*TASK REQUIREMENTS:* Word for word, restate the lines of the listing below from the line with "Ein Besucher steht" through the line with "英文笔刷风格手写字体 Mahenizar Brush", and do not include the pictures.

*TASK MATERIAL:*

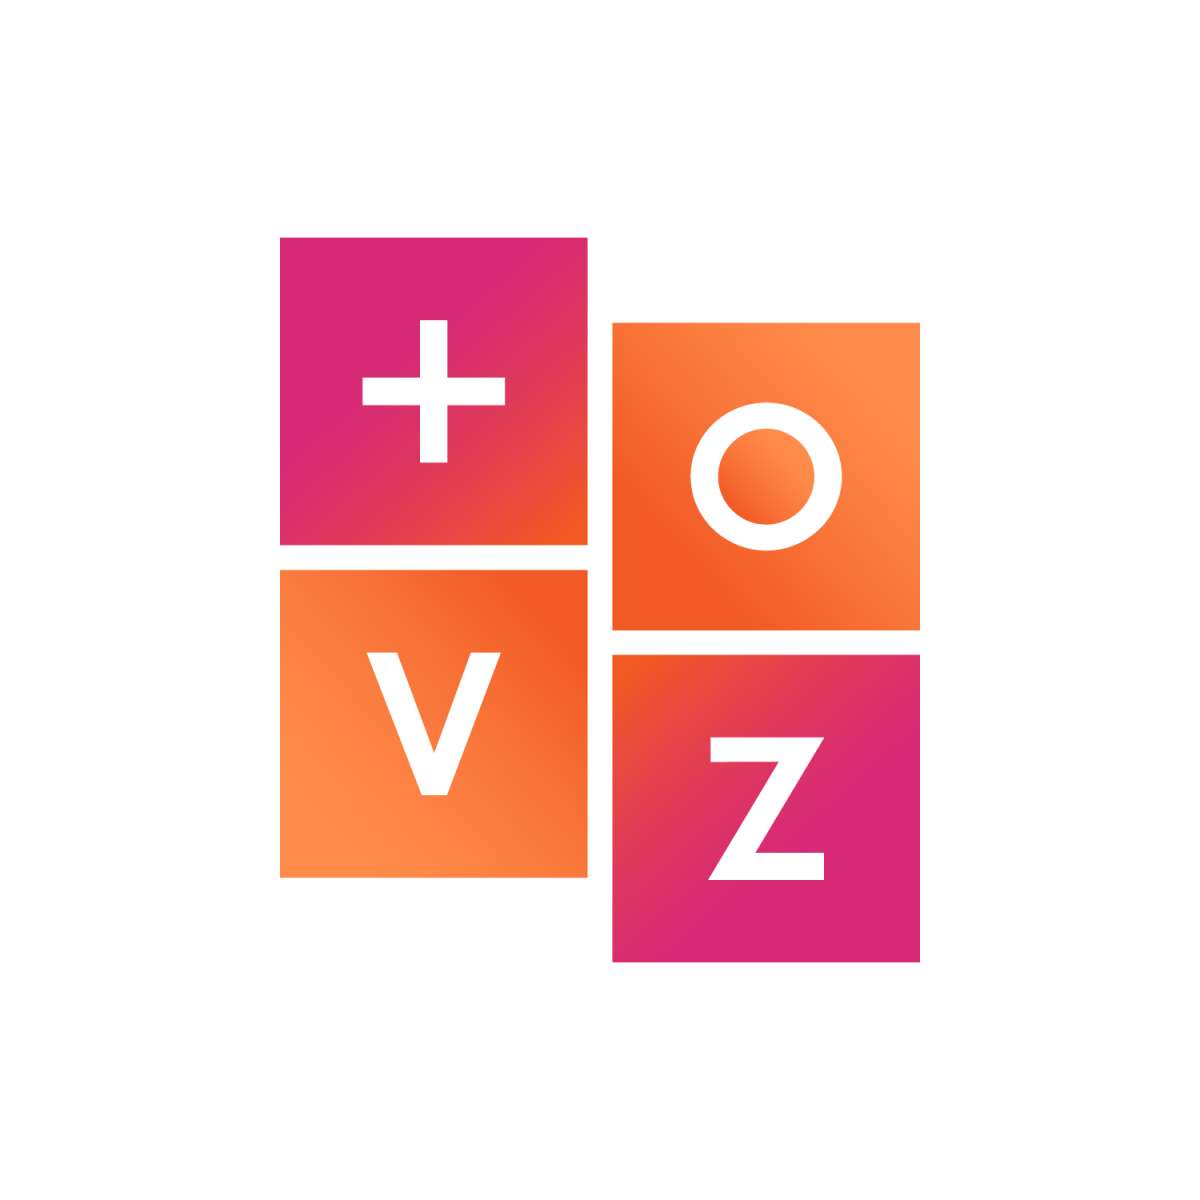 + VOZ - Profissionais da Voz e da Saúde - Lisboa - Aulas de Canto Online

* * *

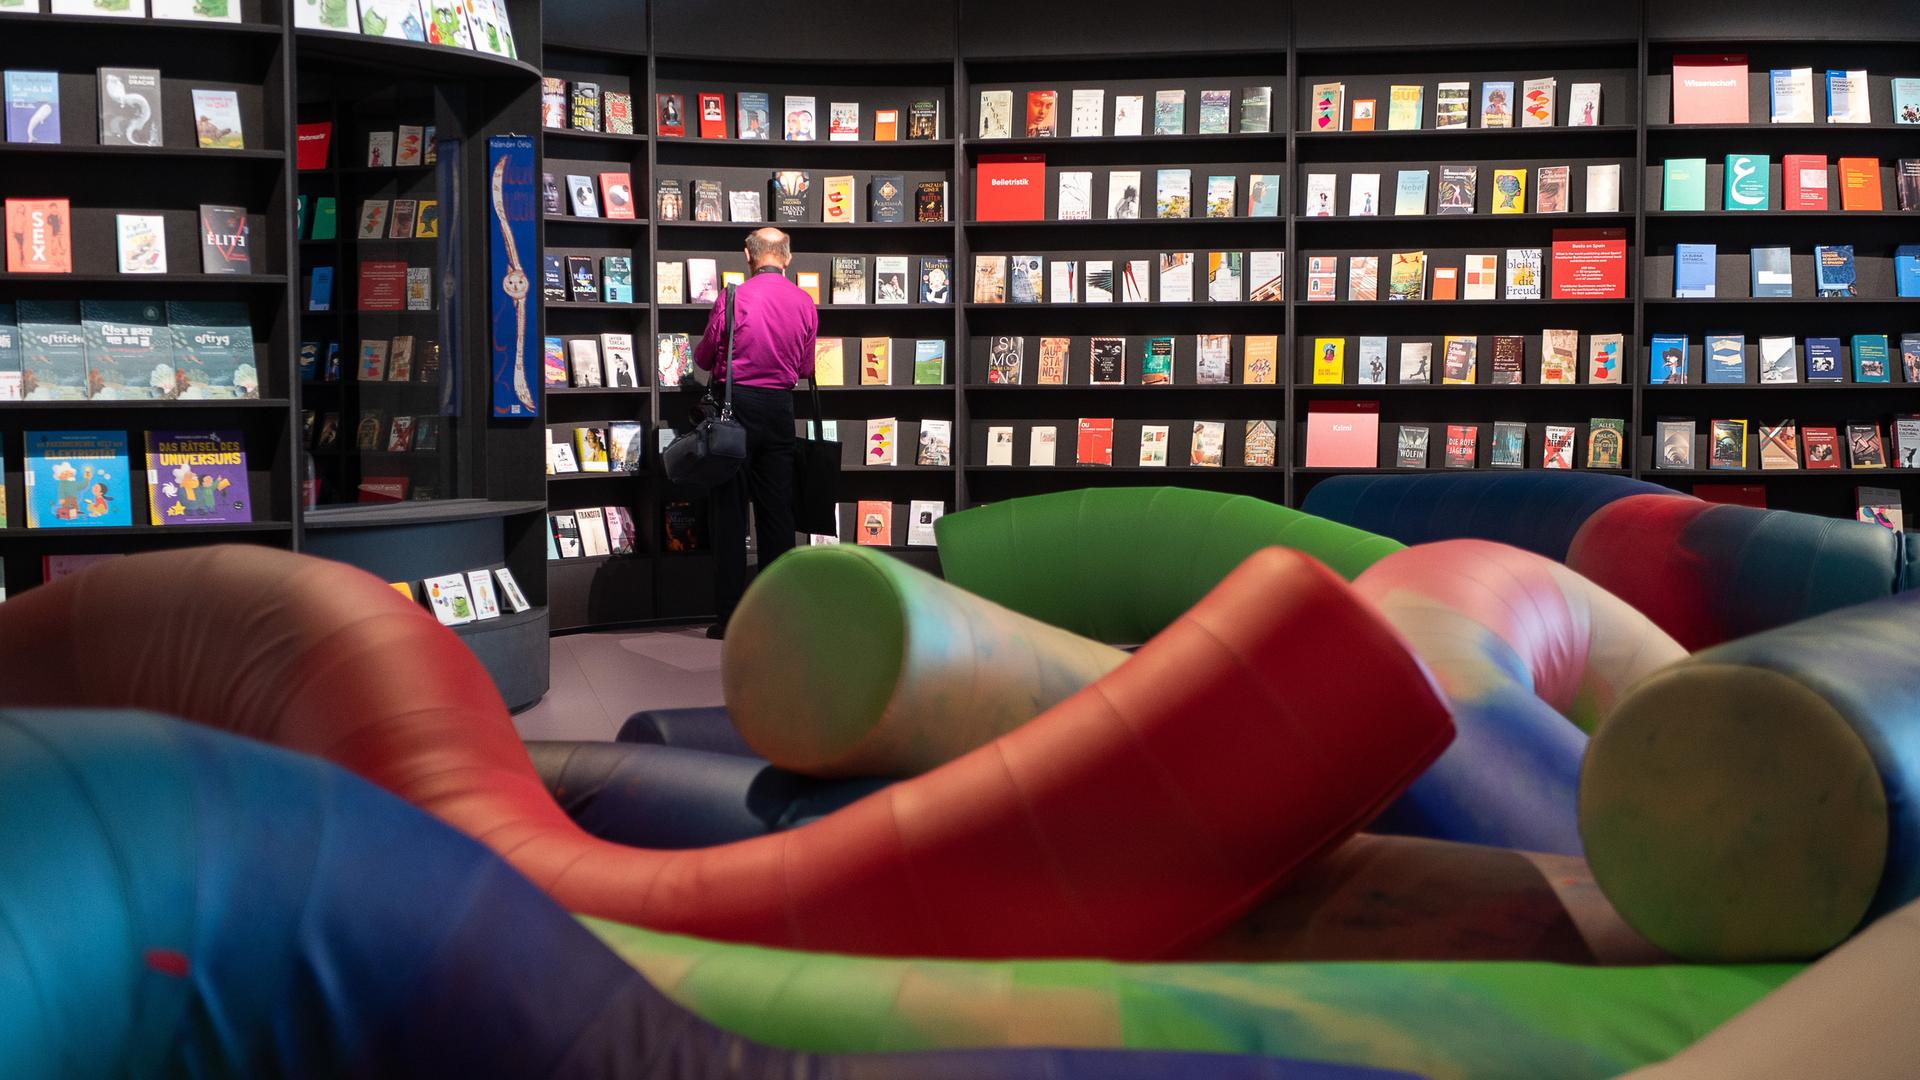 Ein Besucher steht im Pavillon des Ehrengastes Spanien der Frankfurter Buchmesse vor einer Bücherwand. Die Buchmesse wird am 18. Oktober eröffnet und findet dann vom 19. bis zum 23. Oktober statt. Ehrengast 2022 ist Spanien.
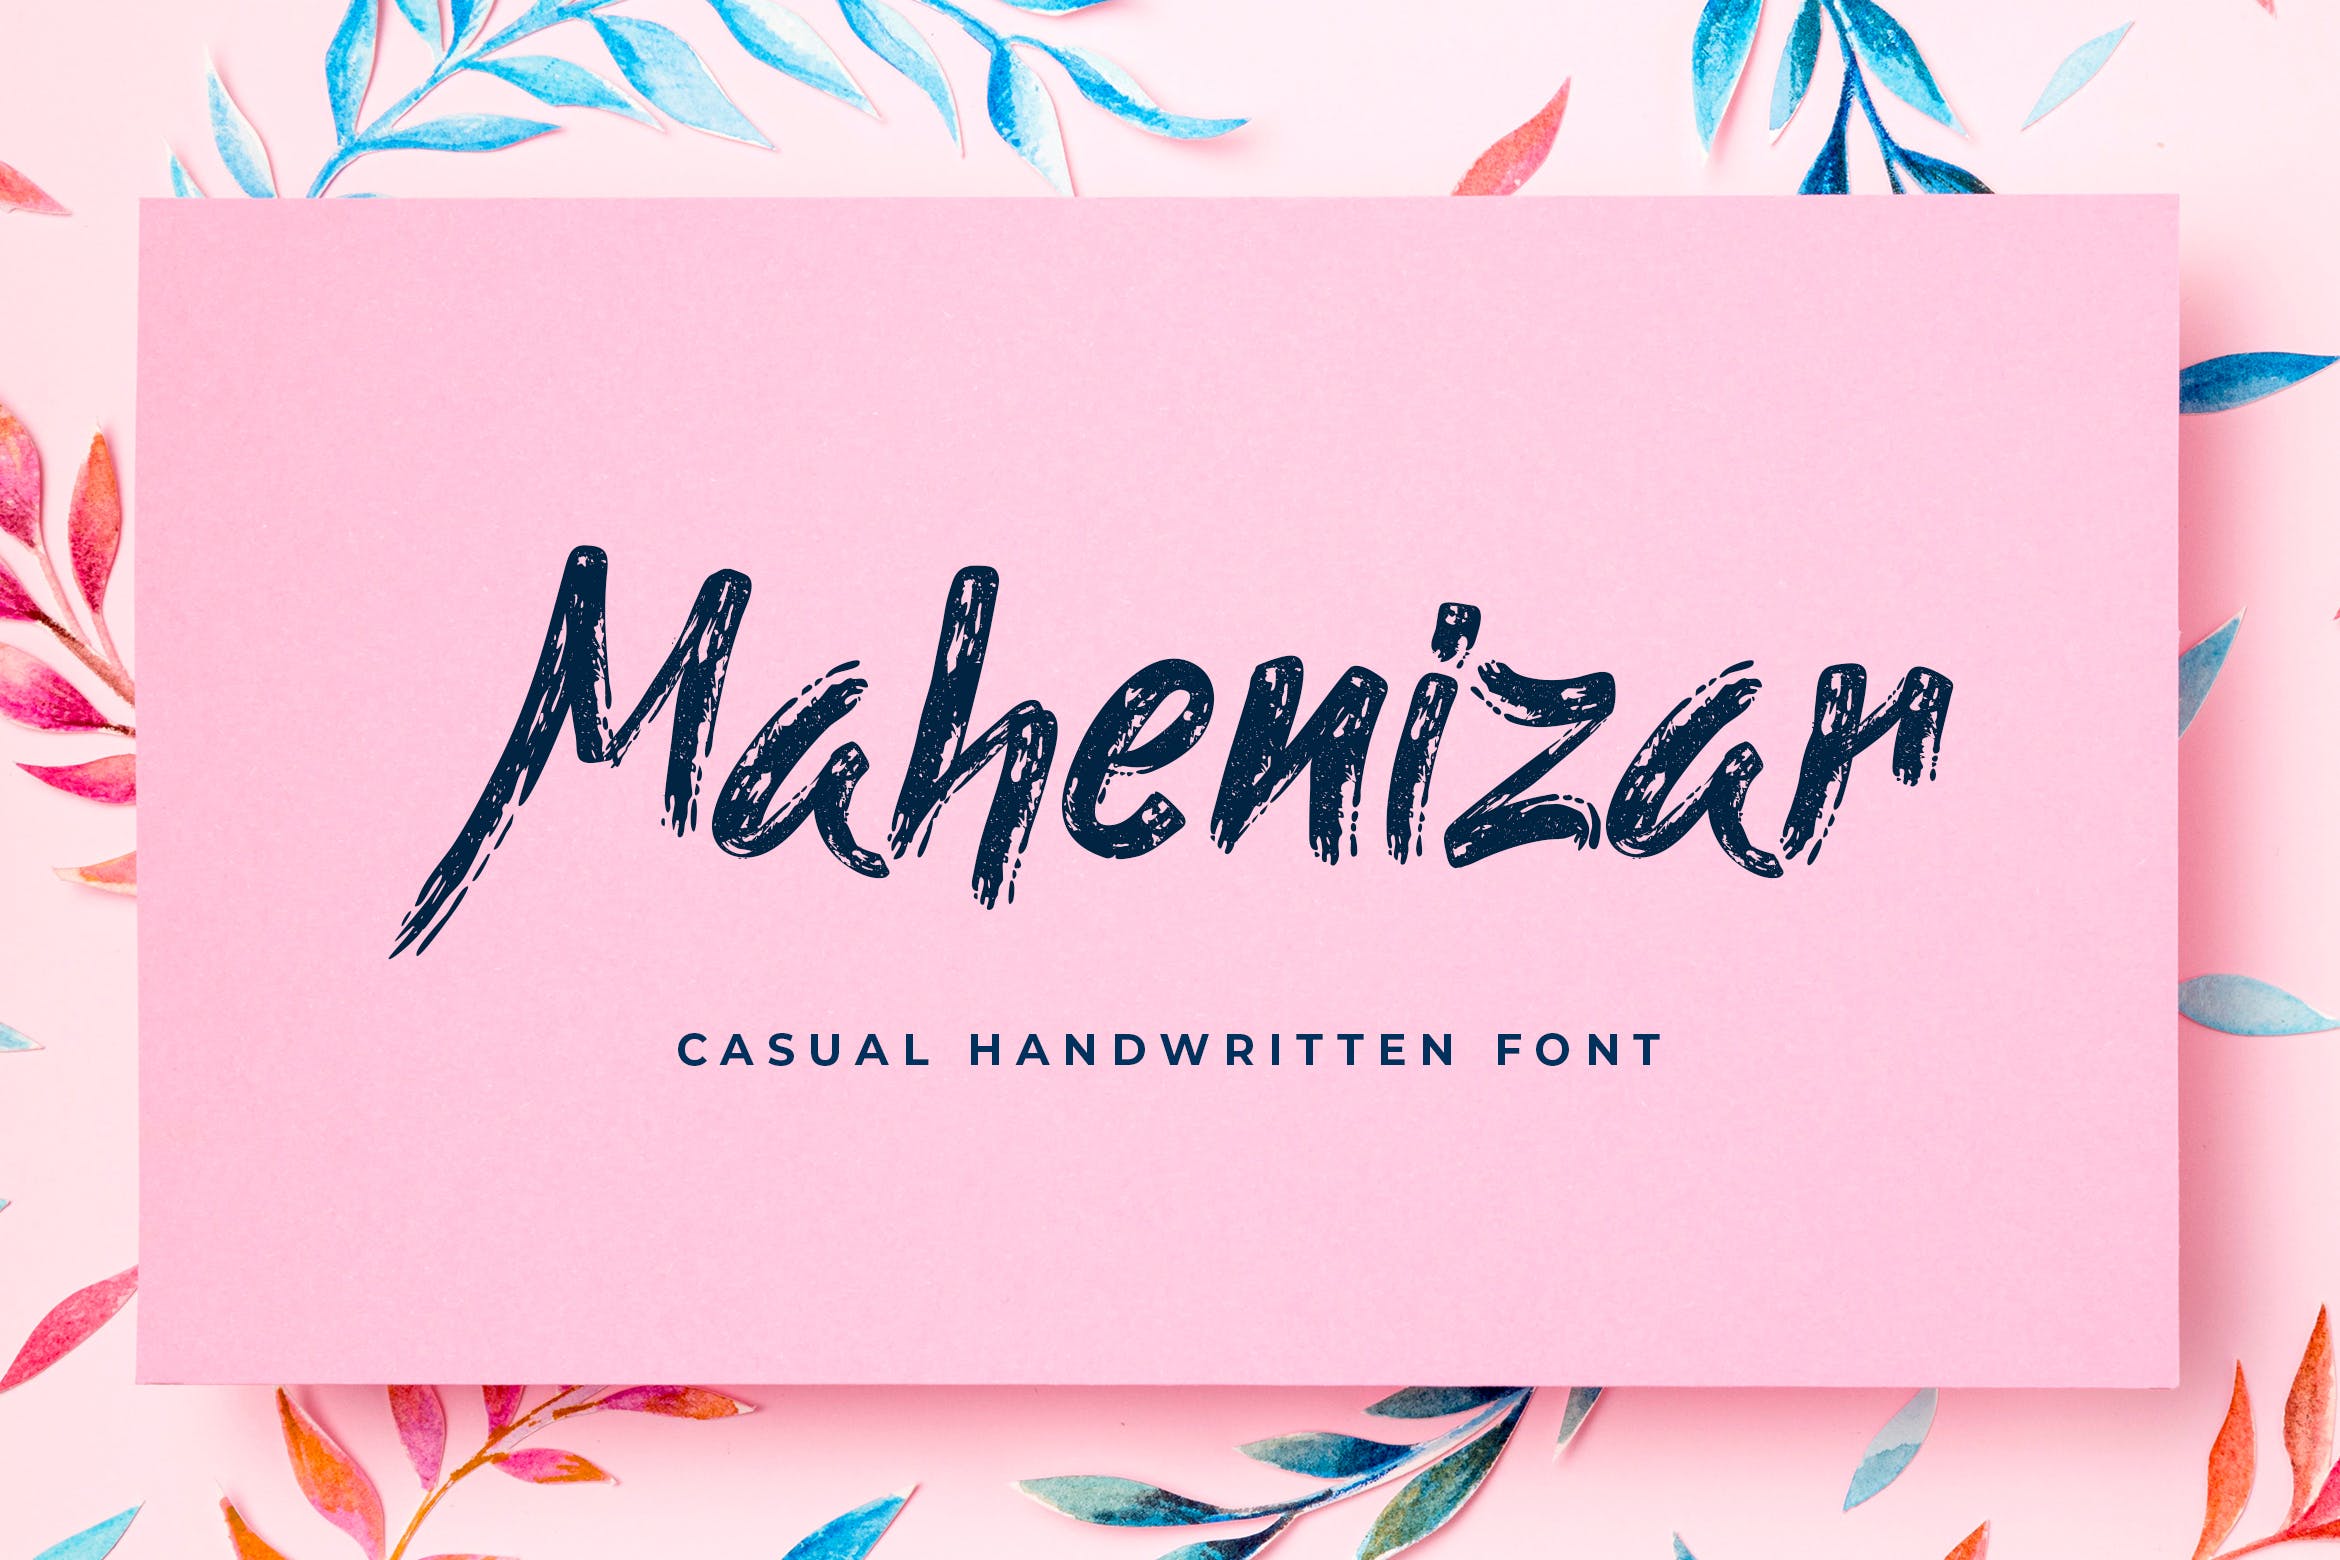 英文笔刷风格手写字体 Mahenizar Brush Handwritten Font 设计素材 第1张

* * *

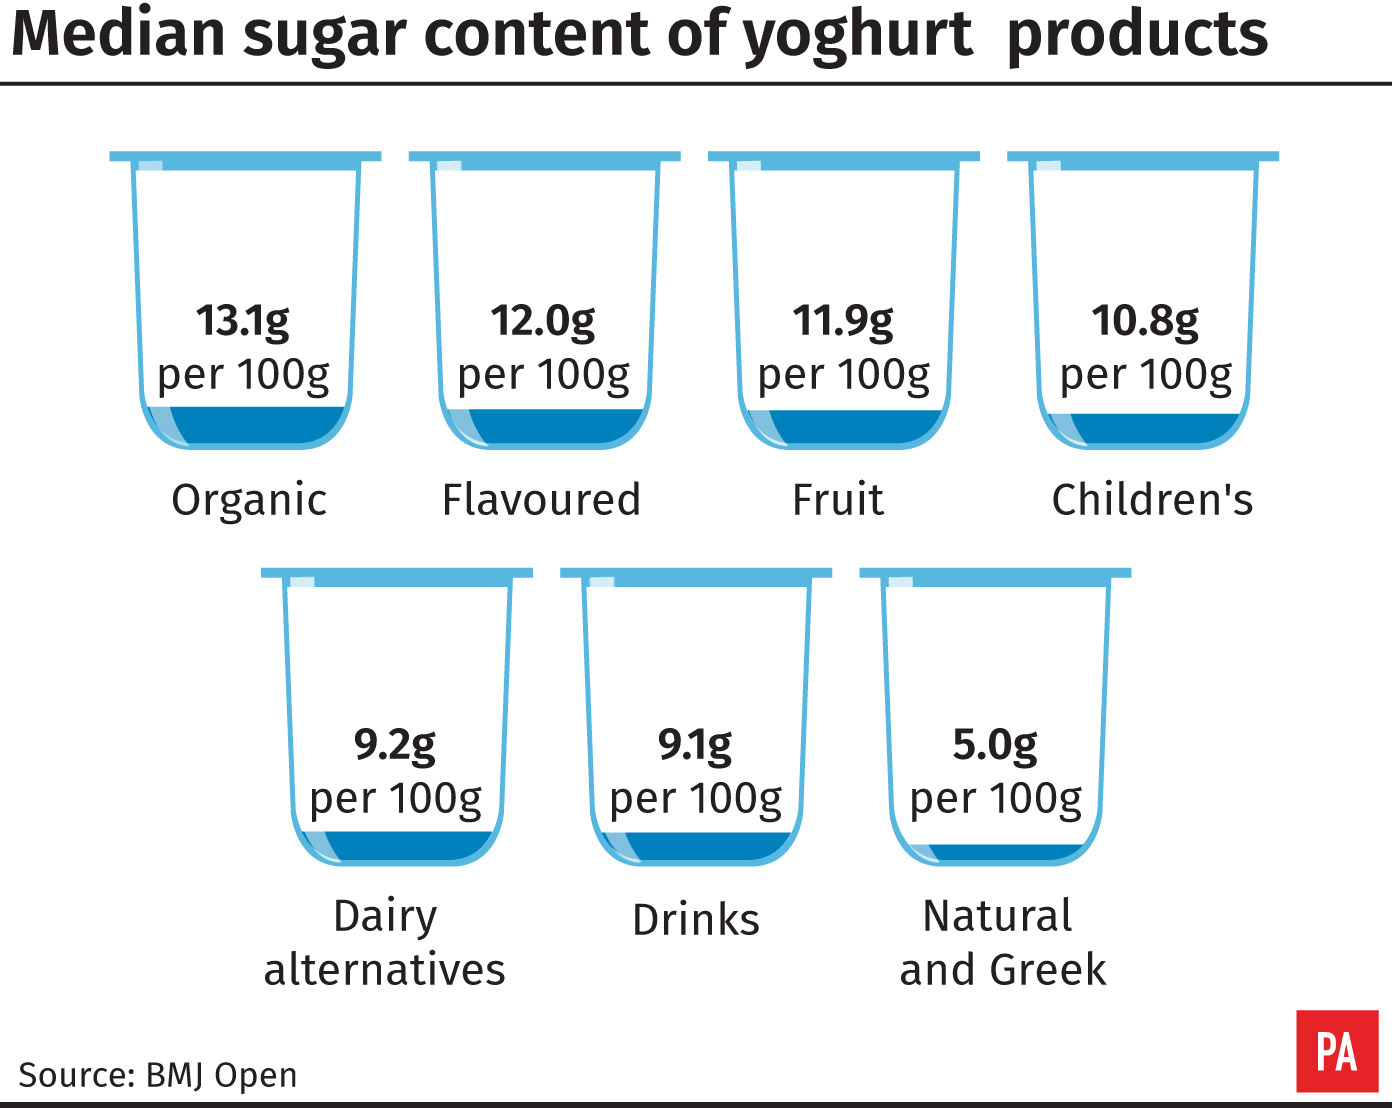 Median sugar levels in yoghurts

*RESPONSE:*
 Ein Besucher steht im Pavillon des Ehrengastes Spanien der Frankfurter Buchmesse vor einer Bücherwand. Die Buchmesse wird am 18. Oktober eröffnet und findet dann vom 19. bis zum 23. Oktober statt. Ehrengast 2022 ist Spanien.
 英文笔刷风格手写字体 Mahenizar Brush Handwritten Font 设计素材 第1张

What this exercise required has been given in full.